> _EXTRACTED INFORMATION_
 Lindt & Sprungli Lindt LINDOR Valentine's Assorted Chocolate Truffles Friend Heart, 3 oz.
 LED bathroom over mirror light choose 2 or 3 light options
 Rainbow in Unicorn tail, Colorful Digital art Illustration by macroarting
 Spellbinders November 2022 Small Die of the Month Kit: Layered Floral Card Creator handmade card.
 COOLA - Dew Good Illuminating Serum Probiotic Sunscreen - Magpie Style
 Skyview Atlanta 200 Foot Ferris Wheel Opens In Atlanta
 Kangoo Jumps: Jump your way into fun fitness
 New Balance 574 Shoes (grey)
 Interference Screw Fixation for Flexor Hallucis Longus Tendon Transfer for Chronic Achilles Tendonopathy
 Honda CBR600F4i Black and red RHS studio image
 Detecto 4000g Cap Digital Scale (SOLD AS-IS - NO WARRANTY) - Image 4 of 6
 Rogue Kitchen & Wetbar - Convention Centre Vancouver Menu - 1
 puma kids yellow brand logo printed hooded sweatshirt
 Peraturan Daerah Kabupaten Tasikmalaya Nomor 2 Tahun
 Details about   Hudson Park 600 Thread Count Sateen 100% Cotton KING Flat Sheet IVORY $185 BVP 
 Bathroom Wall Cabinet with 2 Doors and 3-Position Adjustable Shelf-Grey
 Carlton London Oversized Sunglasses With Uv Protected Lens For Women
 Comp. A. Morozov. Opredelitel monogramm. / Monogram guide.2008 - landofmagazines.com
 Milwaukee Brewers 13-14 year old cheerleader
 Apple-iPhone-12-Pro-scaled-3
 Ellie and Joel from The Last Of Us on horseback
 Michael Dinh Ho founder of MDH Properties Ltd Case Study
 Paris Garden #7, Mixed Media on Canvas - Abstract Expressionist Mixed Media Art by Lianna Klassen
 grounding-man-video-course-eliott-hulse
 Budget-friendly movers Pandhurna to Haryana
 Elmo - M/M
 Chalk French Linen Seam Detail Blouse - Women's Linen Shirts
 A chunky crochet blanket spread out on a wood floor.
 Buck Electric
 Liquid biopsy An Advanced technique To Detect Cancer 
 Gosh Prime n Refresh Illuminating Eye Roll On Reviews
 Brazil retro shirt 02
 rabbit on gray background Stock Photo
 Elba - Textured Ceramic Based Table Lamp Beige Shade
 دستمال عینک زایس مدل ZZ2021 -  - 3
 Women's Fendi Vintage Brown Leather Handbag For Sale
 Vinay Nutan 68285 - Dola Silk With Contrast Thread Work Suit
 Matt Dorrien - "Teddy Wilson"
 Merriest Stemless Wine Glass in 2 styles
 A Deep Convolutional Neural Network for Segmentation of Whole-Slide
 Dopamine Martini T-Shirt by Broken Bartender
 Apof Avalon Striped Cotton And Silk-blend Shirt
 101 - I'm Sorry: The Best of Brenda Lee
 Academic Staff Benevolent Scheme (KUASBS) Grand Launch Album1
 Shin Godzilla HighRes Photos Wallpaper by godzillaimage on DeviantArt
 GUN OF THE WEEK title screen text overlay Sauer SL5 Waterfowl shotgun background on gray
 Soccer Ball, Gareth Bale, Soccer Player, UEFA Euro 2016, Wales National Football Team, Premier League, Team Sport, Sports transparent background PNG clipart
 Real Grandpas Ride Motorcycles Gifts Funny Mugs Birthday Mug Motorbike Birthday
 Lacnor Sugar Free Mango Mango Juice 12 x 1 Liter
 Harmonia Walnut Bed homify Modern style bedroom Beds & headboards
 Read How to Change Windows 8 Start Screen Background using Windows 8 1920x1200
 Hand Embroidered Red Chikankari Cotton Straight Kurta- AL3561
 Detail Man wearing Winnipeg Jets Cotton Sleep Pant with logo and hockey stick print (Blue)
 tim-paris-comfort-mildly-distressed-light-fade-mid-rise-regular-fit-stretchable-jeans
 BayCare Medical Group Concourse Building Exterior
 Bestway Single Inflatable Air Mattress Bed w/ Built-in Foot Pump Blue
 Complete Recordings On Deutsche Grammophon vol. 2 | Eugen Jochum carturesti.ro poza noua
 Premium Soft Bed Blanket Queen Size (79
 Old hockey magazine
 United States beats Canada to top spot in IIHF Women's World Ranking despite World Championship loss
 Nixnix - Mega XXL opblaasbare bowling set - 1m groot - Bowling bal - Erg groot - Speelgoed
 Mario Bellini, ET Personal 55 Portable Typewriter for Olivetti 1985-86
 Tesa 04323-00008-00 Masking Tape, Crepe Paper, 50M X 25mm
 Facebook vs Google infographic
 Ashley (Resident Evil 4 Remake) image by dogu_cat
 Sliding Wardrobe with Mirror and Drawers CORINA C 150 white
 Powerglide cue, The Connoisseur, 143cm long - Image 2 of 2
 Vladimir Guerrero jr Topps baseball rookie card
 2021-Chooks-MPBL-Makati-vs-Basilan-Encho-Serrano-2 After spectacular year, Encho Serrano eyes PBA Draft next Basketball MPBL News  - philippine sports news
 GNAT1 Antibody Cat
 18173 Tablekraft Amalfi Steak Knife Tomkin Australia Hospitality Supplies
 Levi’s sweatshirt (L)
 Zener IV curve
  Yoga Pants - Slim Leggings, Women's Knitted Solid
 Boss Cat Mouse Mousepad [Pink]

> _EXERCISE OBJECTIVE_
Set down, word for word, each line from the top of the records above through the line with "Spellbinders November 2022".

> _WRITTEN ANSWER_
 Lindt & Sprungli Lindt LINDOR Valentine's Assorted Chocolate Truffles Friend Heart, 3 oz.
 LED bathroom over mirror light choose 2 or 3 light options
 Rainbow in Unicorn tail, Colorful Digital art Illustration by macroarting
 Spellbinders November 2022 Small Die of the Month Kit: Layered Floral Card Creator handmade card.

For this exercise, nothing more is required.